Before we start with visualization, let's ensure we have the necessary libraries imported:
import pandas as pd
import numpy as np
import matplotlib.pyplot as plt
import seaborn as sns
# Make plots look better
plt.style.use('ggplot')
plt.rcParams['figure.figsize'] = (12, 6)
Creating Sample Time Series Data
Let's start by creating some sample time series data that we'll use throughout this lesson:
# Create a date range
date_rng = pd.date_range(start='2023-01-01', end='2023-12-31', freq='D')
# Create a DataFrame with random data
np.random.seed(42) # For reproducibility
df = pd.DataFrame(date_rng, columns=['date'])

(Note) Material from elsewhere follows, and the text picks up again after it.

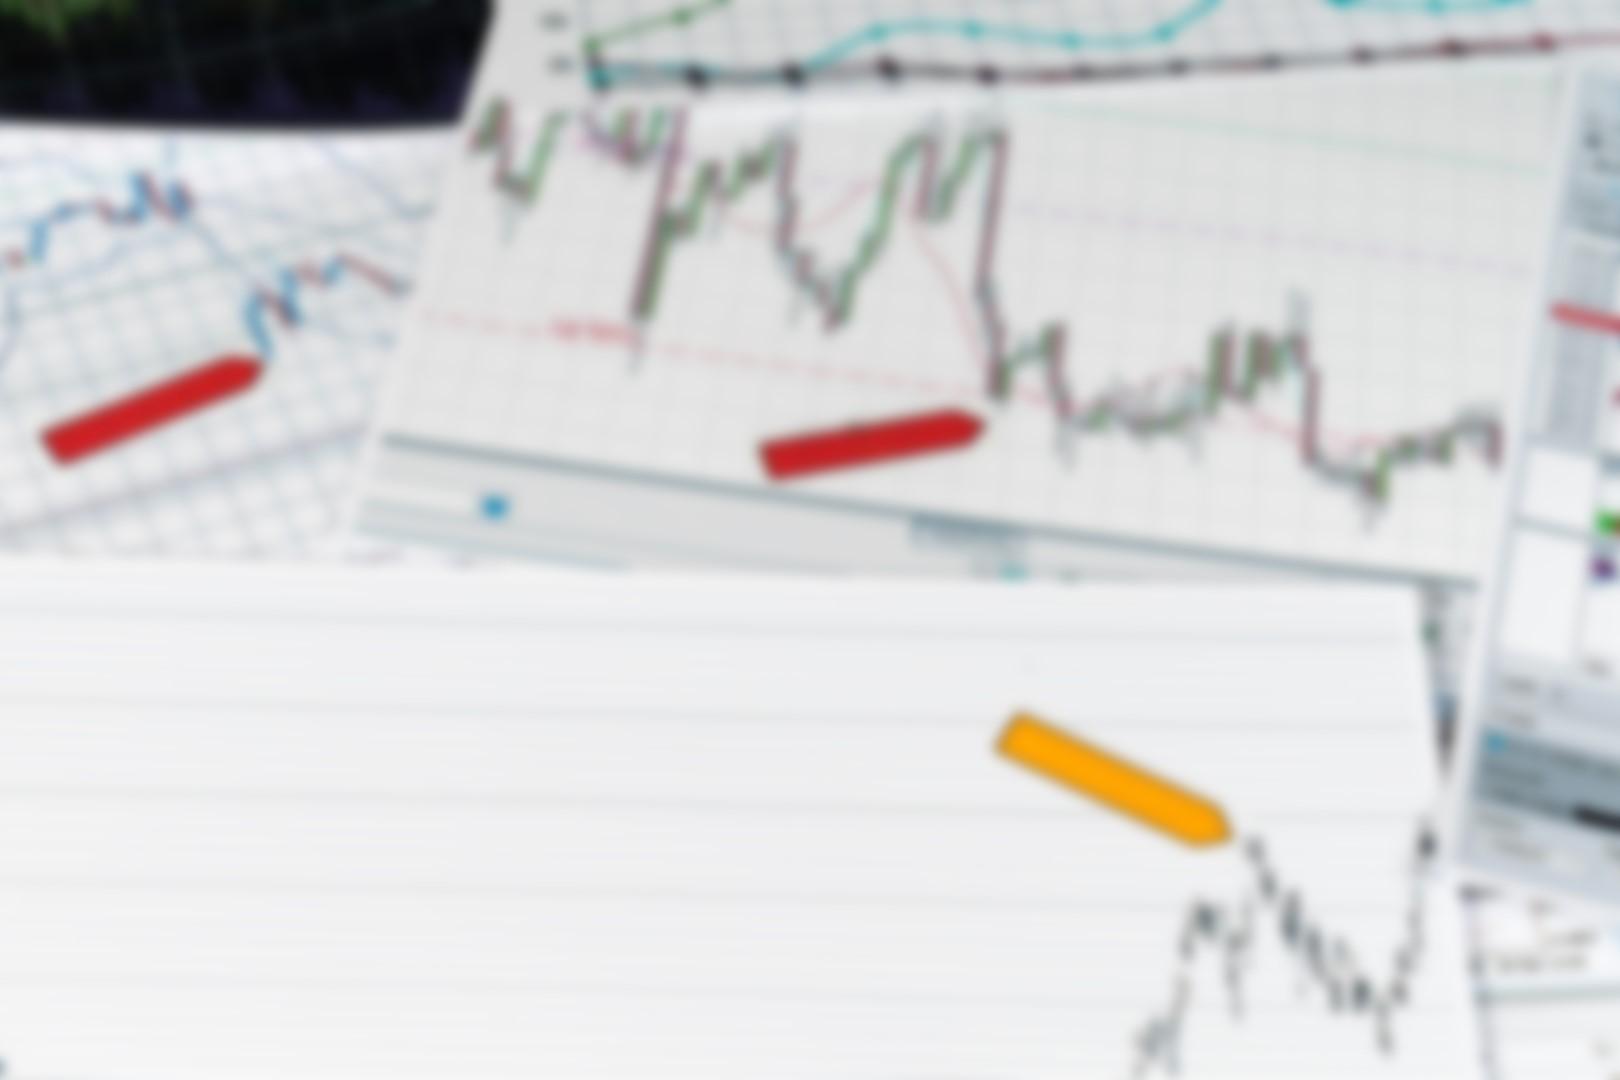 METLIFE ANNOUNCES FINANCE ORGANIZATIONAL CHANGES

df['sales'] = np.random.randint(50, 500, size=(len(date_rng)))
df['temperature'] = np.random.normal(70, 15, size=(len(date_rng)))
df['website_visits'] = np.random.randint(1000, 5000, size=(len(date_rng)))

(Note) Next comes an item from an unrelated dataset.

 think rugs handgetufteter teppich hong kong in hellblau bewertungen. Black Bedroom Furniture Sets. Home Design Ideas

# Add some seasonality to make it more realistic
df['sales'] = df['sales'] + df.index % 100
df['temperature'] = df['temperature'] + 20 * np.sin(np.pi * df.index / 180)
# Set the date as index
df.set_index('date', inplace=True)
# Display the first few rows
print(df.head())
Output:
sales temperature website_visits
date
2023-01-01 166 73.246719 2283
2023-01-02 117 71.888558 2225
2023-01-03 168 87.281043 4271
2023-01-04 219 66.741789 4774
2023-01-05 270 89.992927 1625
Basic Line Plots for Time Series
The simplest way to visualize time series data is using a line plot:
# Simple line plot for sales
plt.figure(figsize=(12, 6))
df['sales'].plot()
plt.title('Daily Sales Over Time')
plt.ylabel('Sales')
plt.grid(True)
plt.tight_layout()
plt.show()
To plot multiple time series on the same plot:
# Plot multiple columns
df[['sales', 'website_visits']].plot(figsize=(12, 6))

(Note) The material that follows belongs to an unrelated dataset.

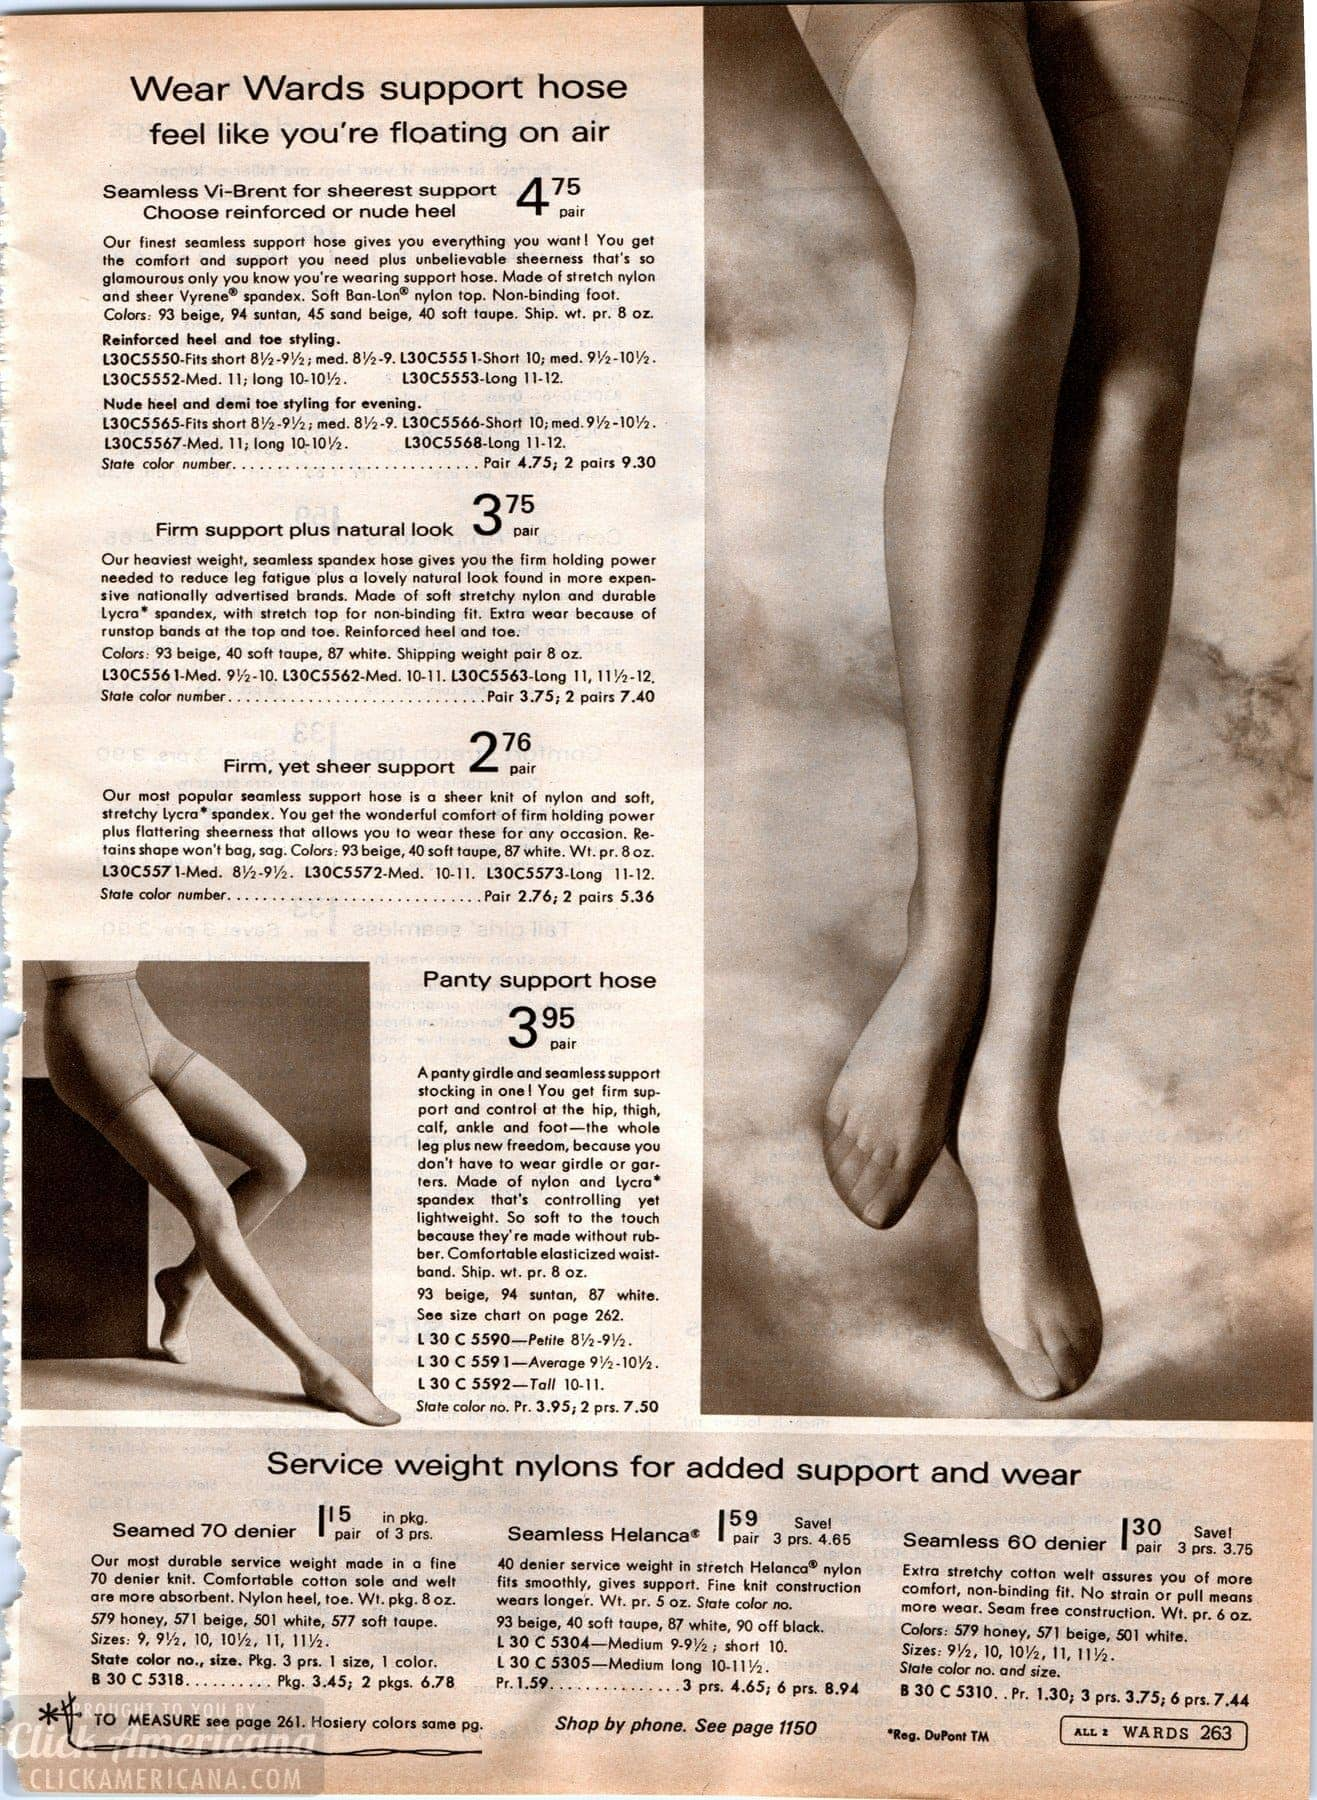 Vintage stockings - hosiery - nylons from 1968

plt.title('Sales and Website Visits Over Time')
plt.ylabel('Value')
plt.grid(True)
plt.legend()
plt.tight_layout()
plt.show()
However, this won't work well if the scales are very different. We can use secondary y-axis for this:
# Using secondary y-axis for different scales
fig, ax1 = plt.subplots(figsize=(12, 6))
color = 'tab:blue'
ax1.set_xlabel('Date')
ax1.set_ylabel('Sales', color=color)
ax1.plot(df.index, df['sales'], color=color)
ax1.tick_params(axis='y', labelcolor=color)
ax2 = ax1.twinx() # Create a second y-axis sharing the same x-axis
color = 'tab:red'
ax2.set_ylabel('Website Visits', color=color)
ax2.plot(df.index, df['website_visits'], color=color)
ax2.tick_params(axis='y', labelcolor=color)
fig.tight_layout()
plt.title('Sales and Website Visits Over Time')
plt.grid(False)
plt.show()
Customizing Line Plots
We can customize our plots in many ways:
plt.figure(figsize=(12, 6))
df['temperature'].plot(
color='orange',
linestyle='-',
linewidth=2,
marker='o',
markersize=3,
alpha=0.7
)
plt.title('Daily Temperature Over Time', fontsize=16)
plt.ylabel('Temperature (°F)', fontsize=14)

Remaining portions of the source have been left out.